§ Work required
Copy out every line of the material below, character for character, apart from the pictures.

§ Data shown
★ ★ ★ ★ ★

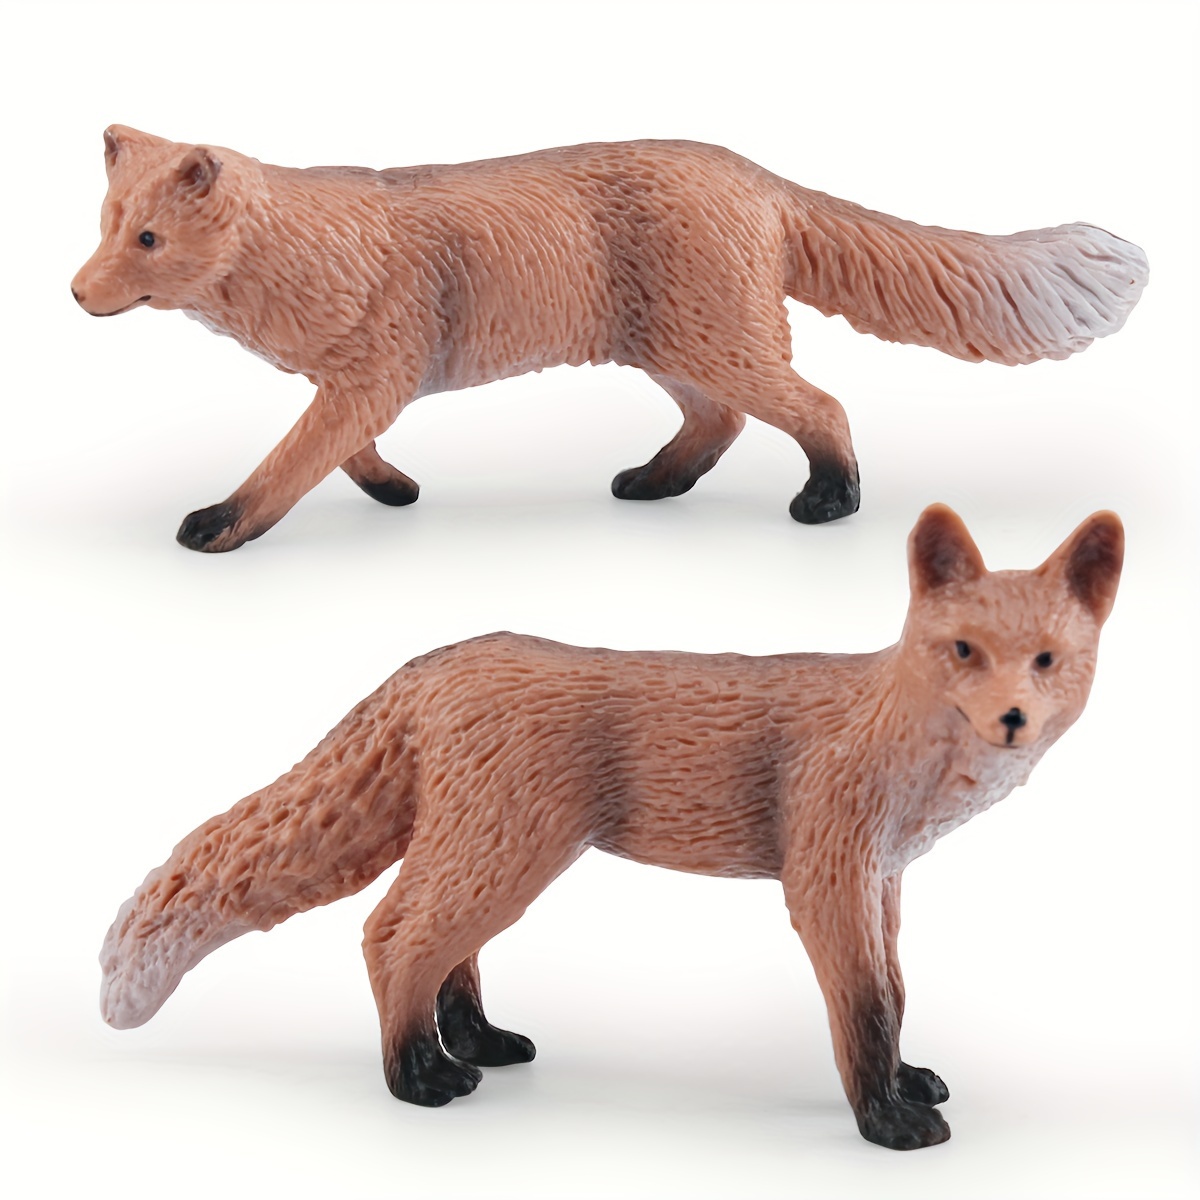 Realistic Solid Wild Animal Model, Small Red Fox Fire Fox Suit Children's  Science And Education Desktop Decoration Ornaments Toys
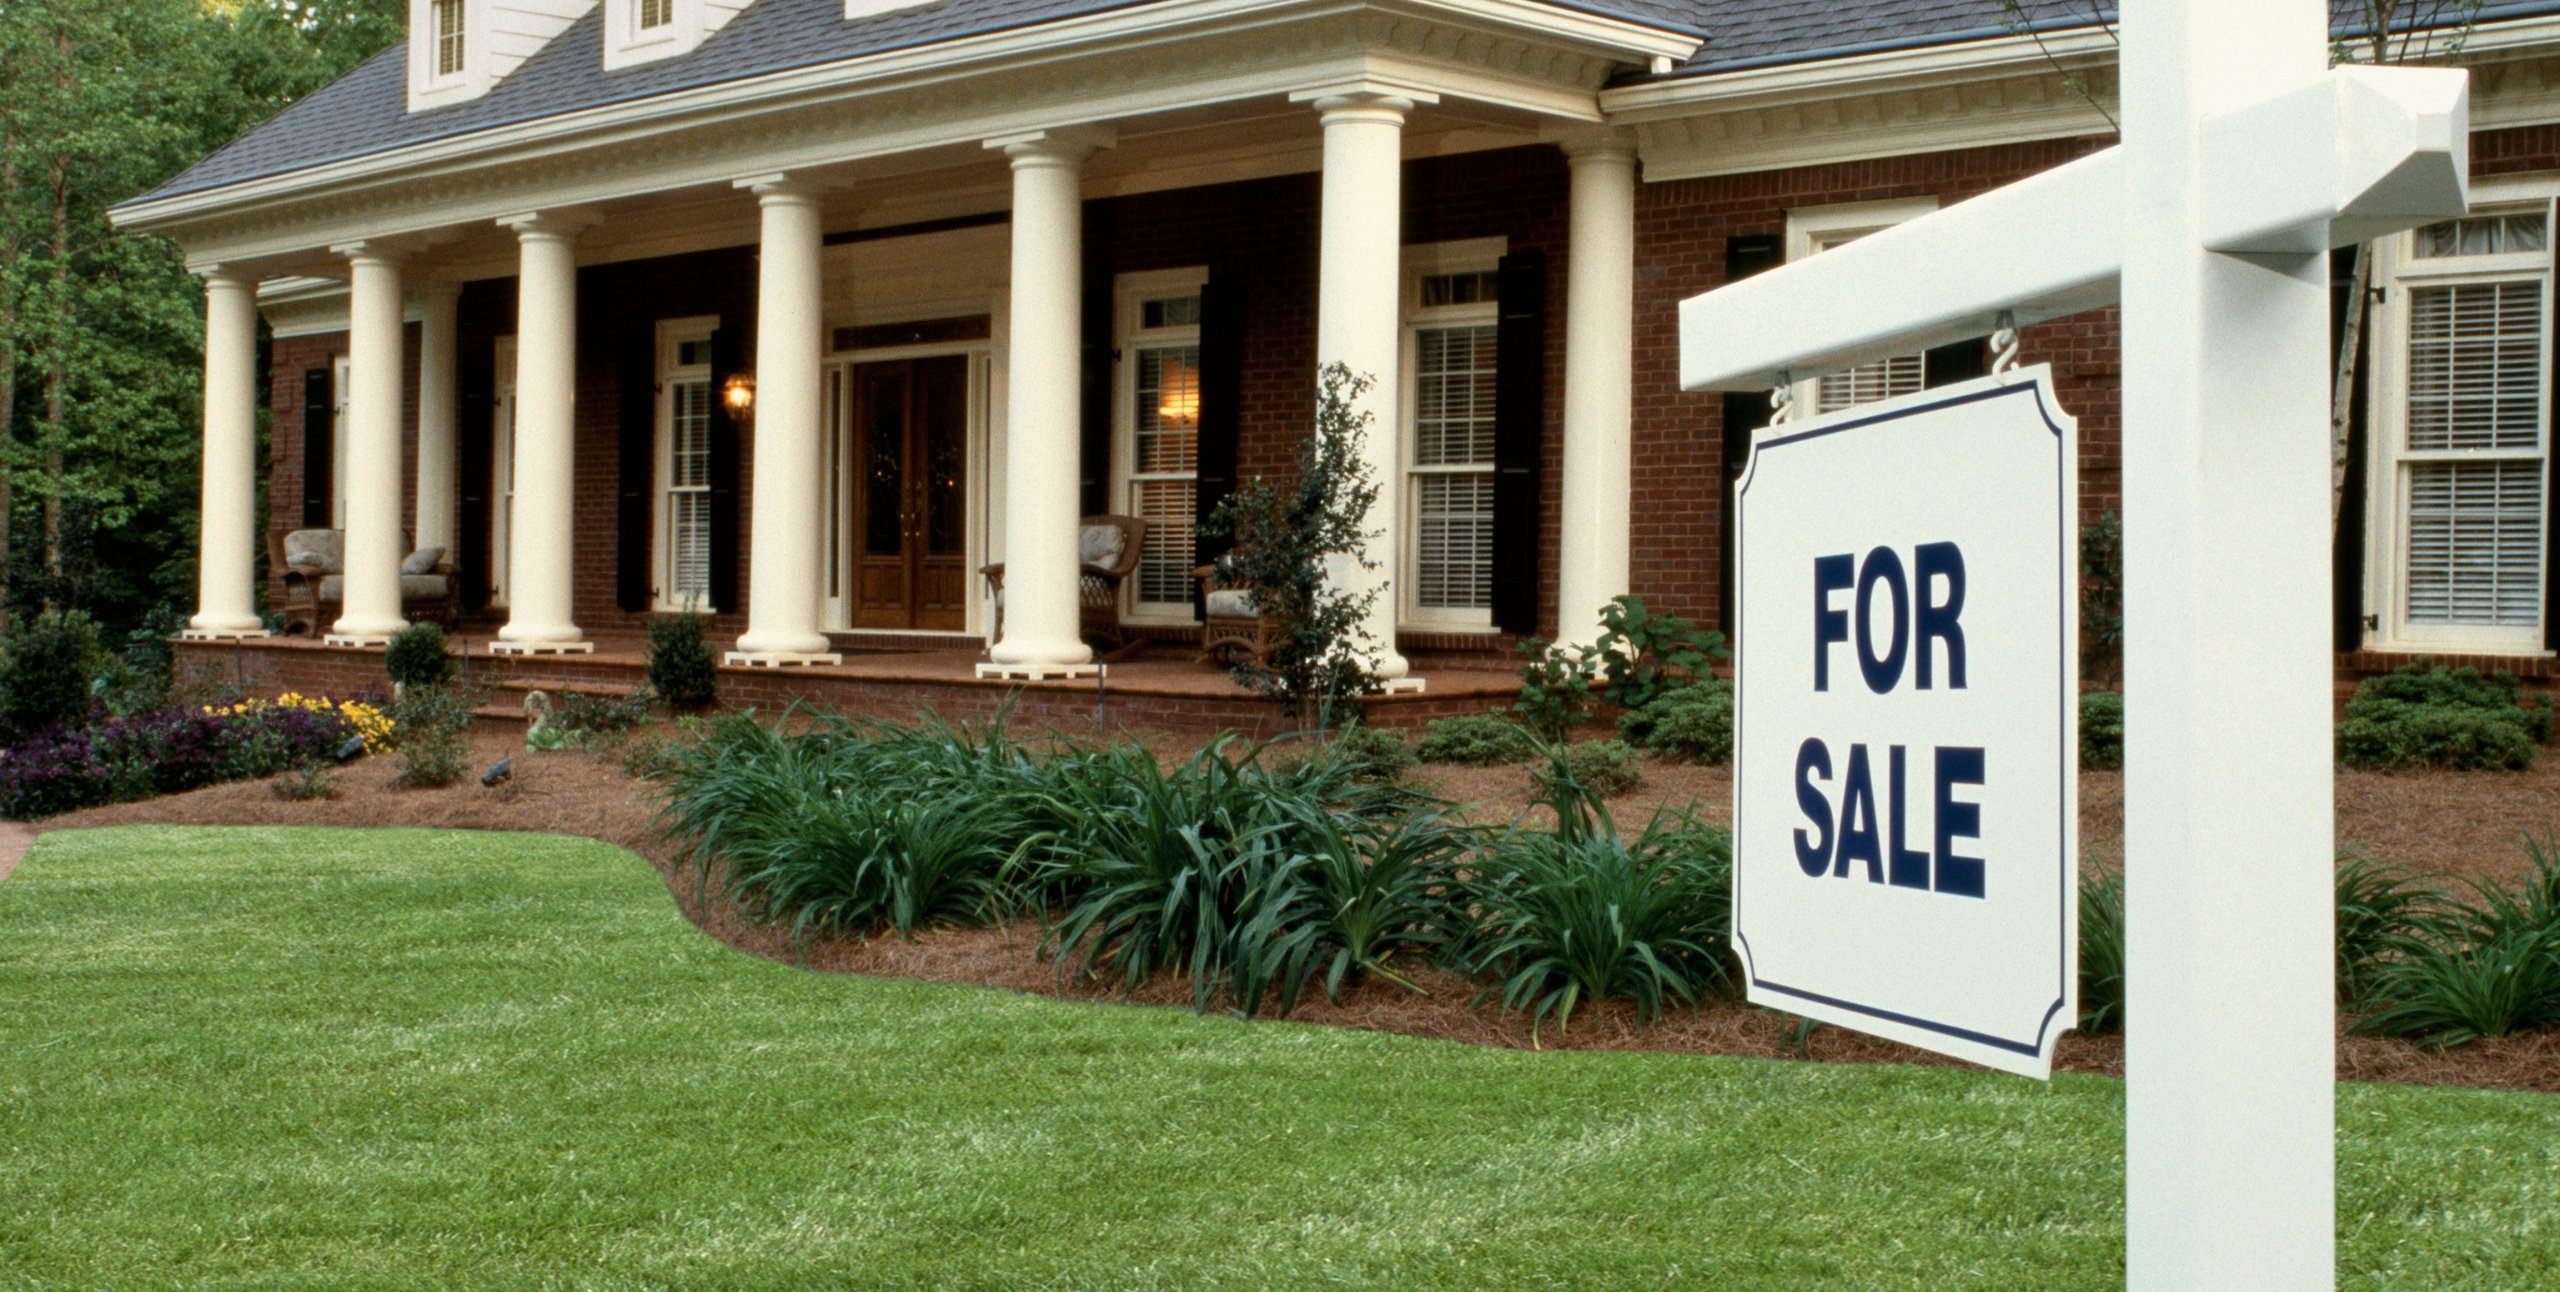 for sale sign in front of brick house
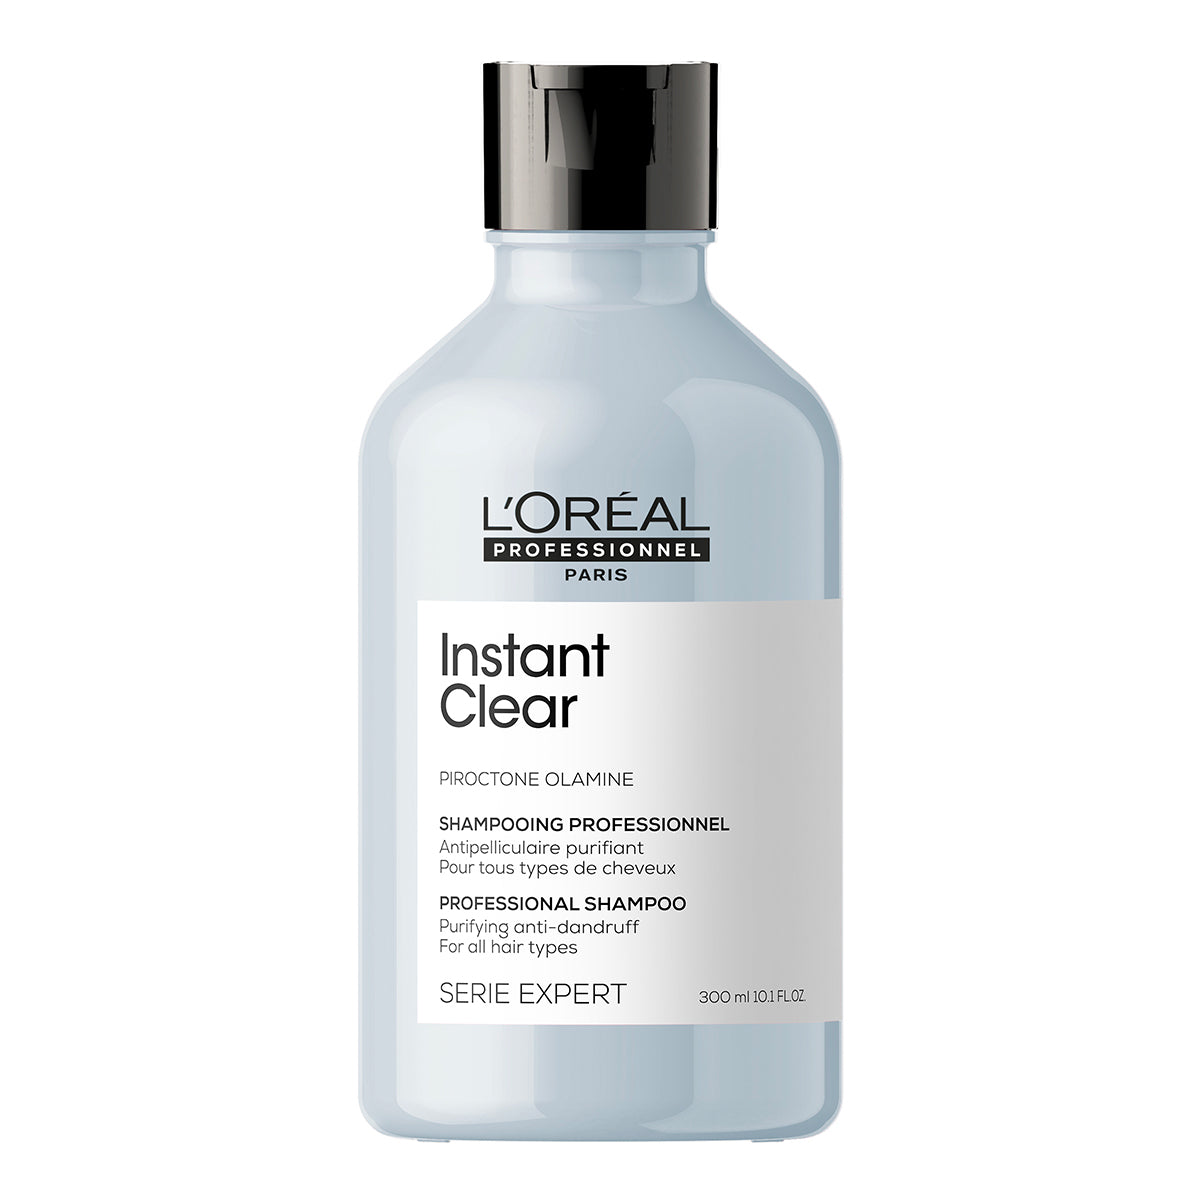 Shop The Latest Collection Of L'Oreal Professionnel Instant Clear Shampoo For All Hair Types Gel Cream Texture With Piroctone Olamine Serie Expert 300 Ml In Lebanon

★ ★ ★ ★ ★

§ Exercise output
 Realistic Solid Wild Animal Model, Small Red Fox Fire Fox Suit Children's  Science And Education Desktop Decoration Ornaments Toys
 for sale sign in front of brick house
 Shop The Latest Collection Of L'Oreal Professionnel Instant Clear Shampoo For All Hair Types Gel Cream Texture With Piroctone Olamine Serie Expert 300 Ml In Lebanon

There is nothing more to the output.